Go to the Kaiser article for sources and links.

What do you think? Should the "abortion connection" have been disclosed, and do you think it necessarily affects either the selection or the interpretation of the data? (Remember that this article was a broad review of previously published studies, not a new study.)

The rather callow Terry Moran ended his ABC News report by saying that the JAMA editor had stated she still had complete faith in the study's . . . pregnant pause, attempt at significant eye-roll . . . "integrity." Moran tried to infuse that last word with, I don't know, heavy irony? sarcasm? ambiguity? It was such a strange, awkward signal -- ABC News trying to display its lack of liberal bias? Moran doing his own editorializing? But the editorial was unreadable. It was as if he was trying simultaneously to channel both Peter Jekyll and Sean Hyde.

4 Comments:

At 11:23 PM, Anonymous Anonymous said...

Should the "abortion connection" have been disclosed

Yes -- it's hard to believe that the co-author could have really thought that that information was of no consequence. It would have been much preferable to reveal it up-front.

and do you think it necessarily affects either the selection or the interpretation of the data?

Nope, not necessarily at all, and given that only one of the authors has that connection, it's certainly no reason to dismiss the report out of hand, as the right-to-life folks are trying to do.

 
At 7:29 AM, Anonymous Anonymous said...

National Right to Life has published an interesting memo, summarizing its objections to the paper and to the manner in which many main stream media outlets have reported on it ("gullibly").

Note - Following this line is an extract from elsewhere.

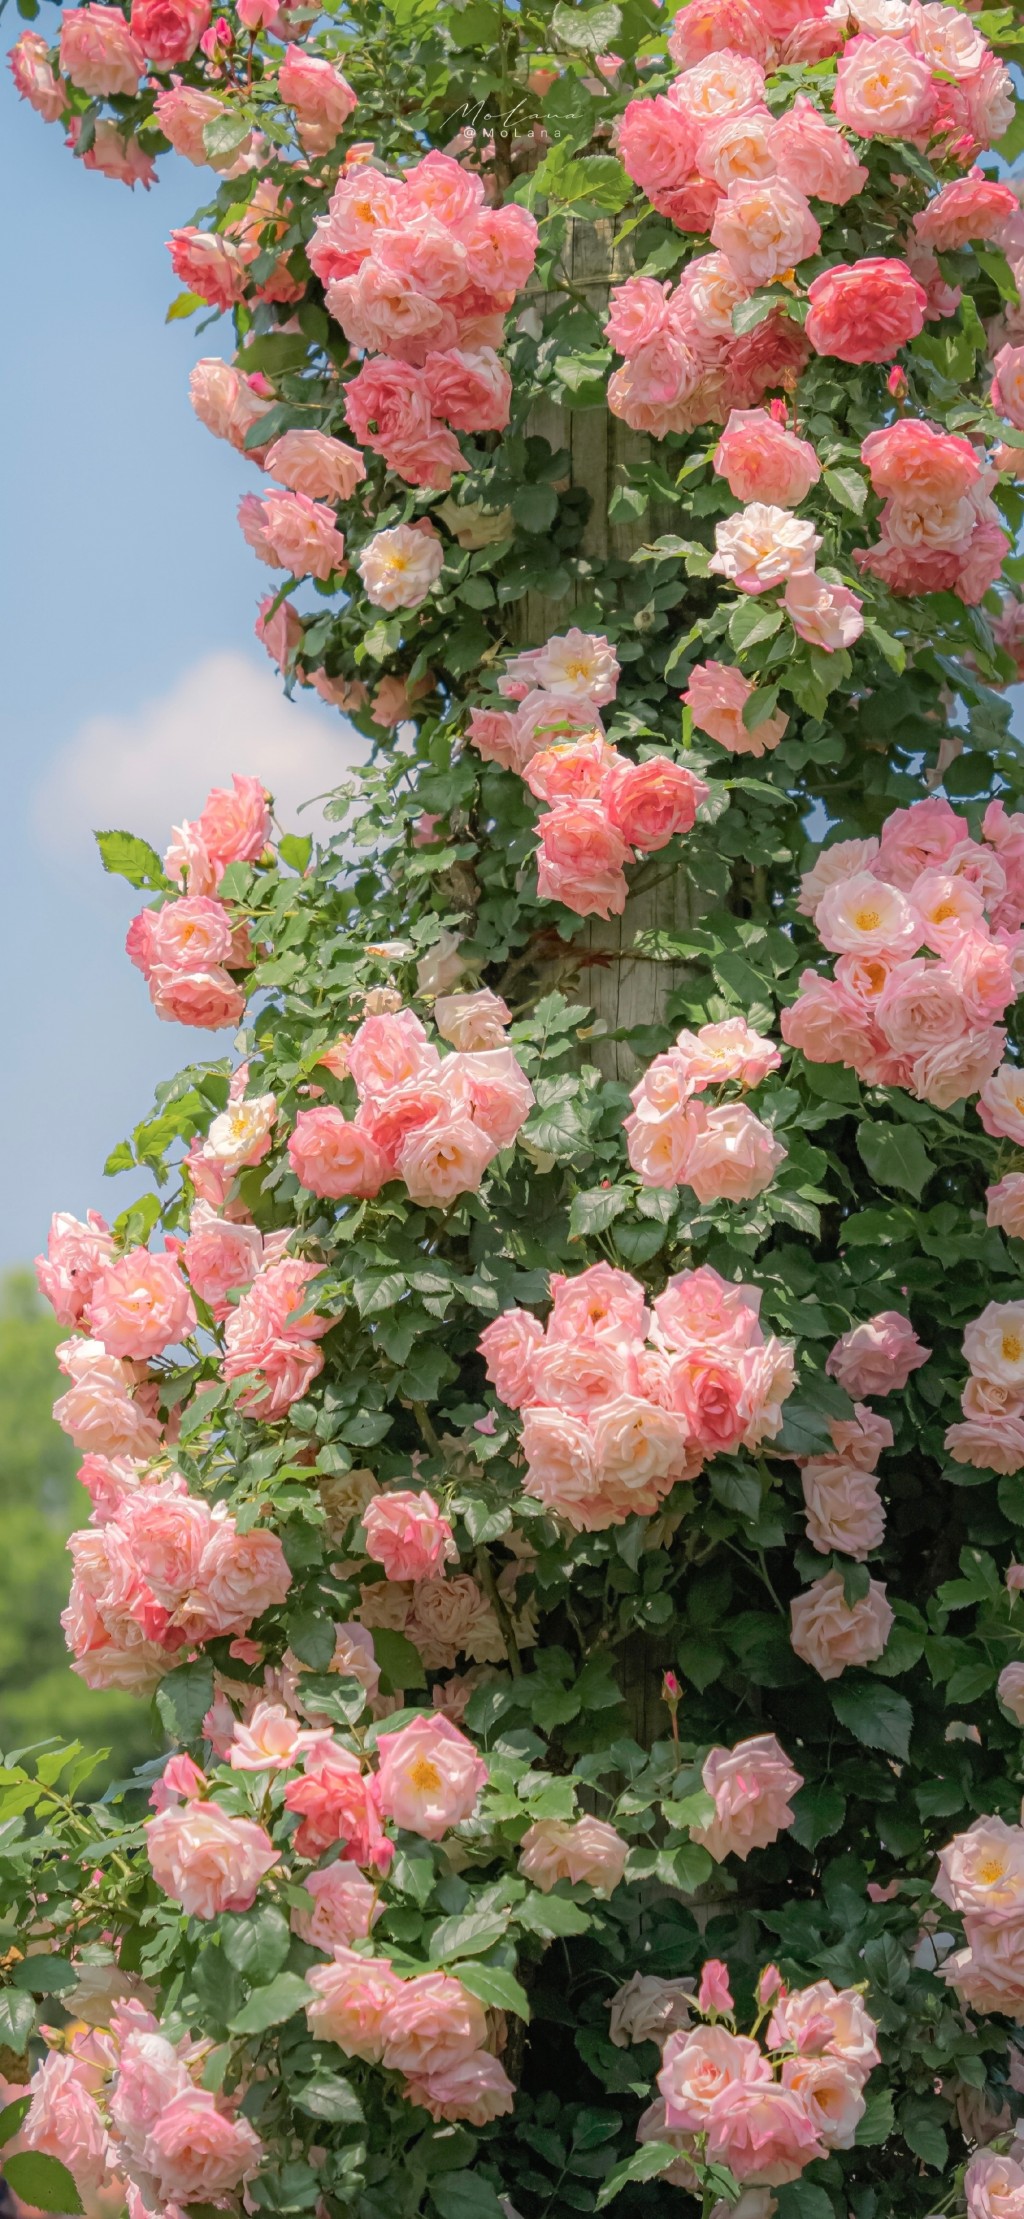 蔷薇花开清新手机壁纸 植物 靓丽图库

The memo contains a bunch of links to documents, including a number from sources not associated with the right-to-life movement, such as a report submitted to a federal judge by internationally recognized pediatric pain researcher Dr. Kanwaljeet S. Anand.

 
At 5:13 PM, Blogger demdiva said...

Dr. Anand, though well-recognized, has been associated with the anti-choice movement. He testified in the court cases surrounding the federal abortion ban. Furthermore, he has admitted that he alone among researchers in asserting that fetal perception could begin as early as 20 weeks. While he is certainly not as compromised as other doctors and researchers who are clearly ideologically motivated, one man's conclusions do not scientific proof make.

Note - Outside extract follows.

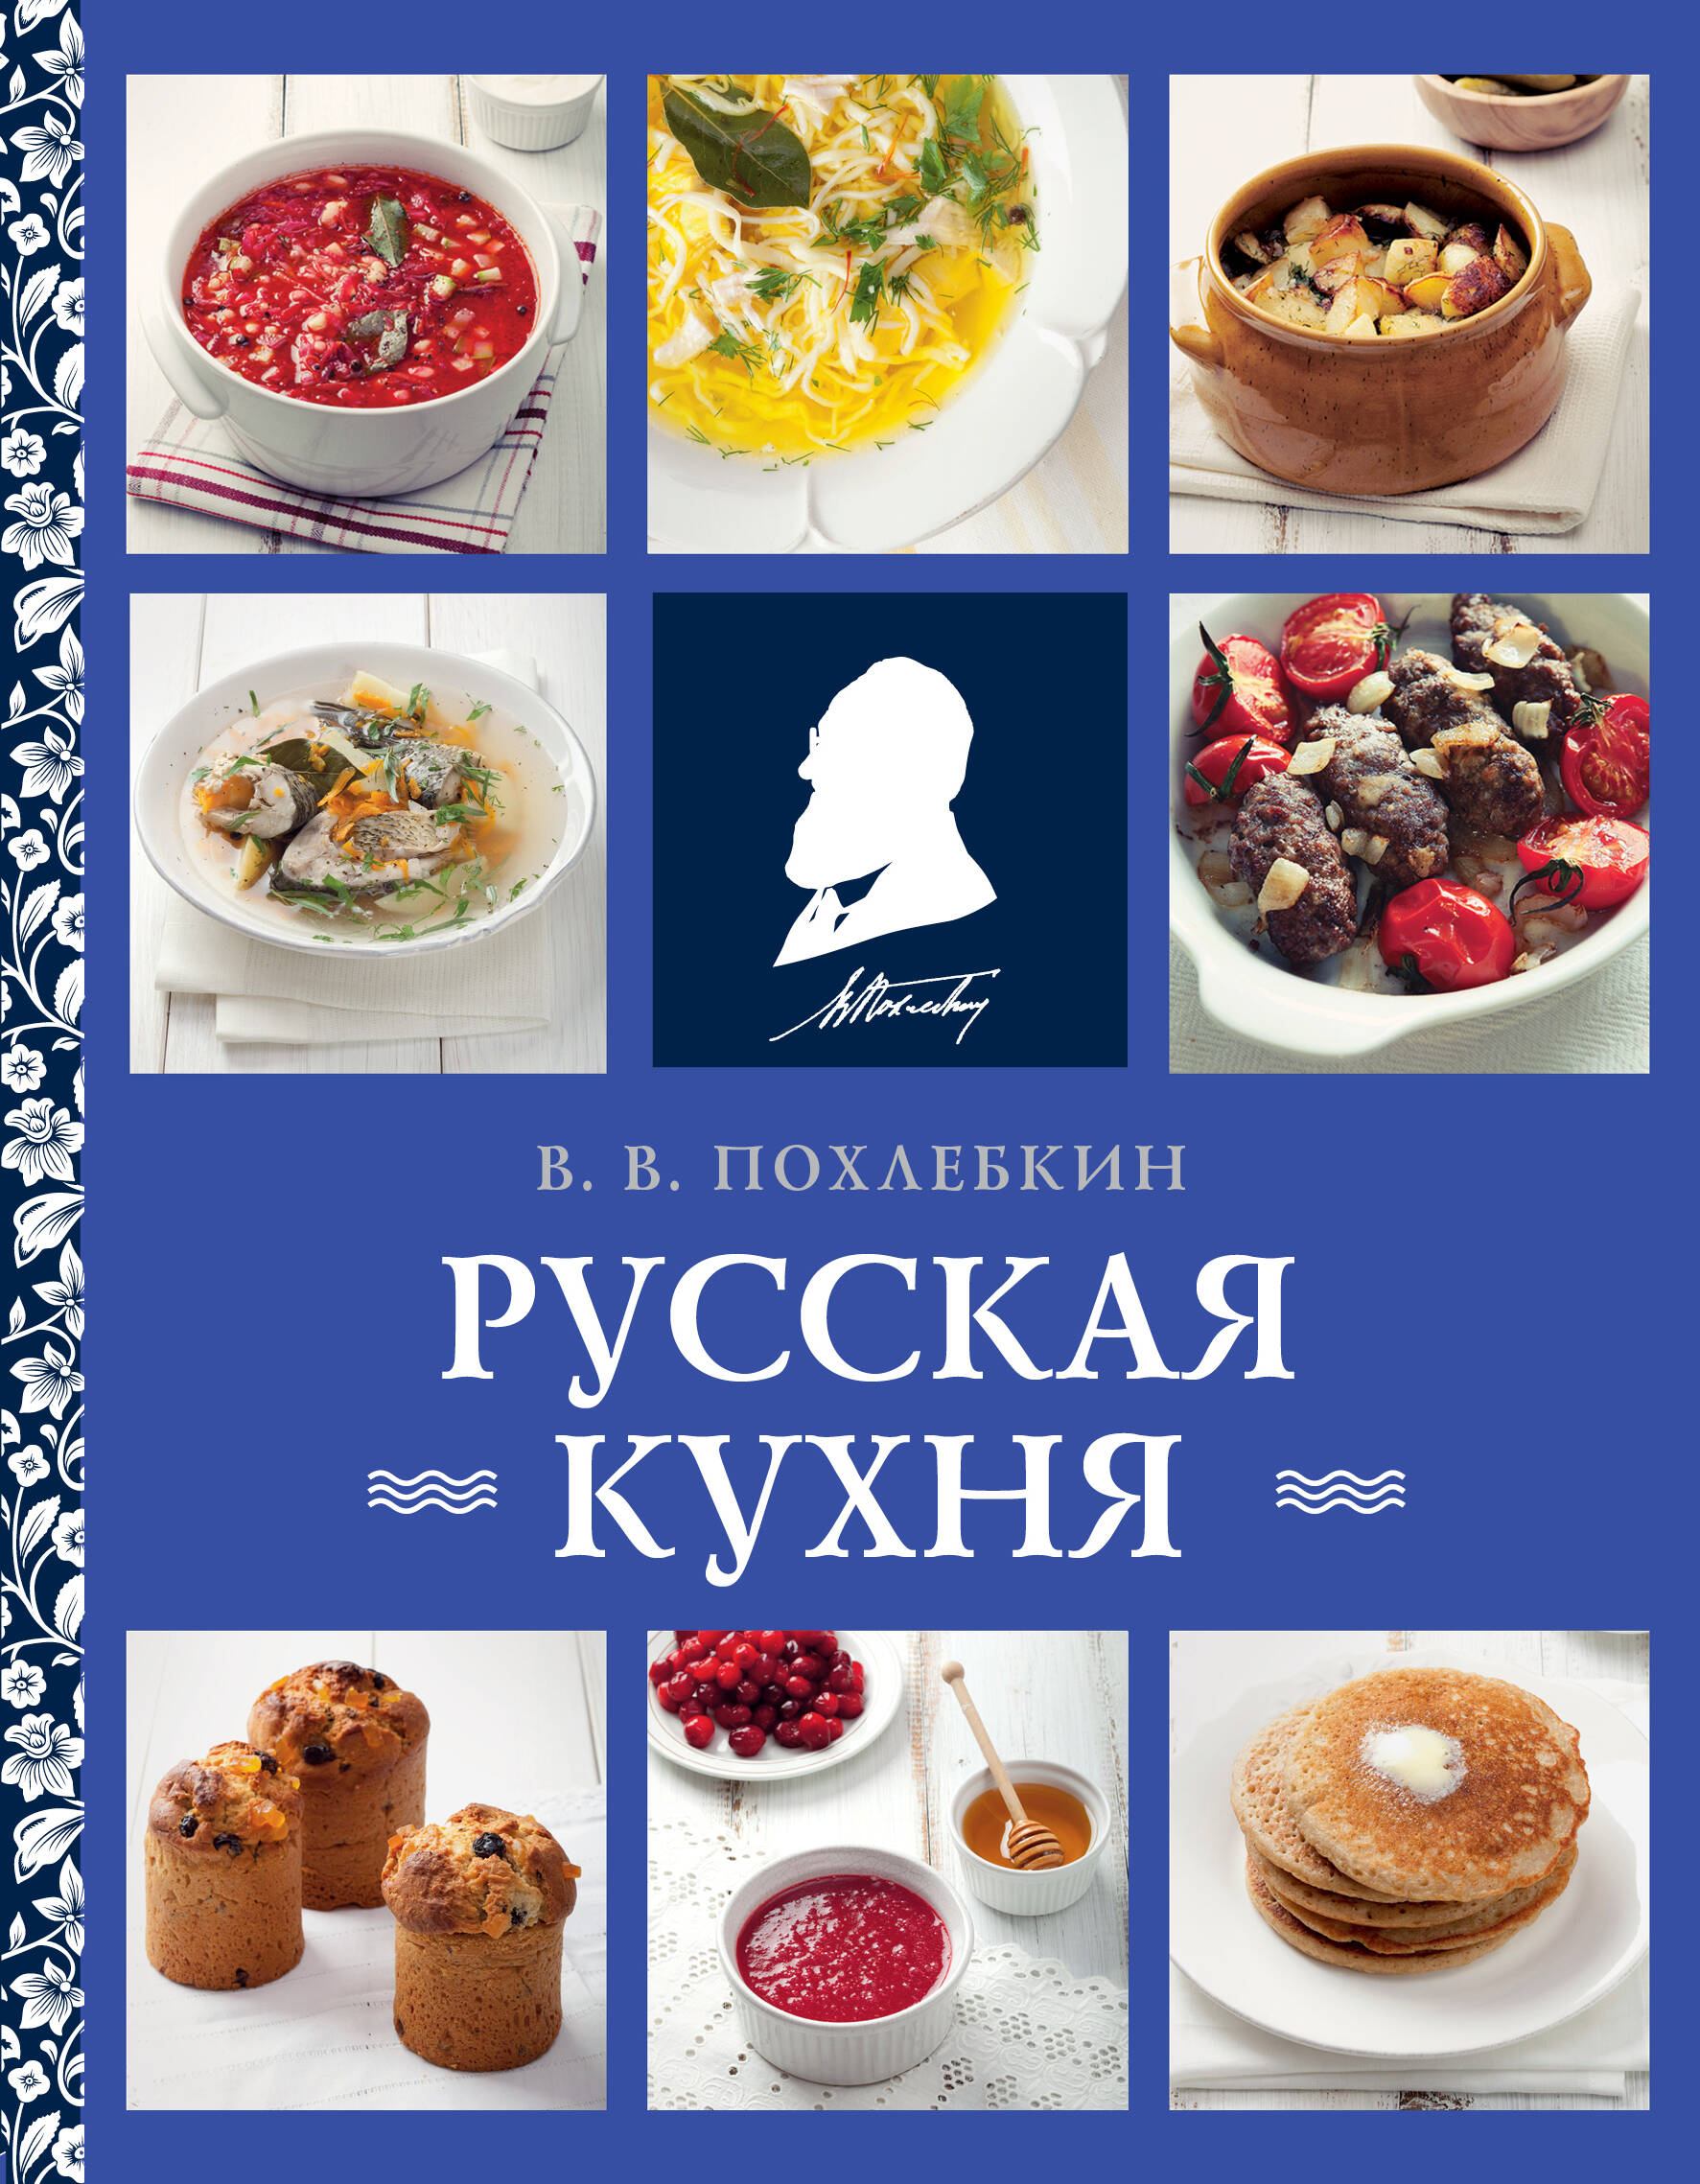 Русская кухня похлебкин в русская кухня фото

The survey reaches a conclusion similar to the British commission which reviewed all available data on fetal perception.

 
At 11:20 AM, Blogger amba said...

For a possibly more objective assessment of whether and when a fetus might feel pain (and of what we don't and can't know about this), look at this article in the British Journal of Obstetrics and Gynaecology (pdf format), which is also referenced in the NRLC memo.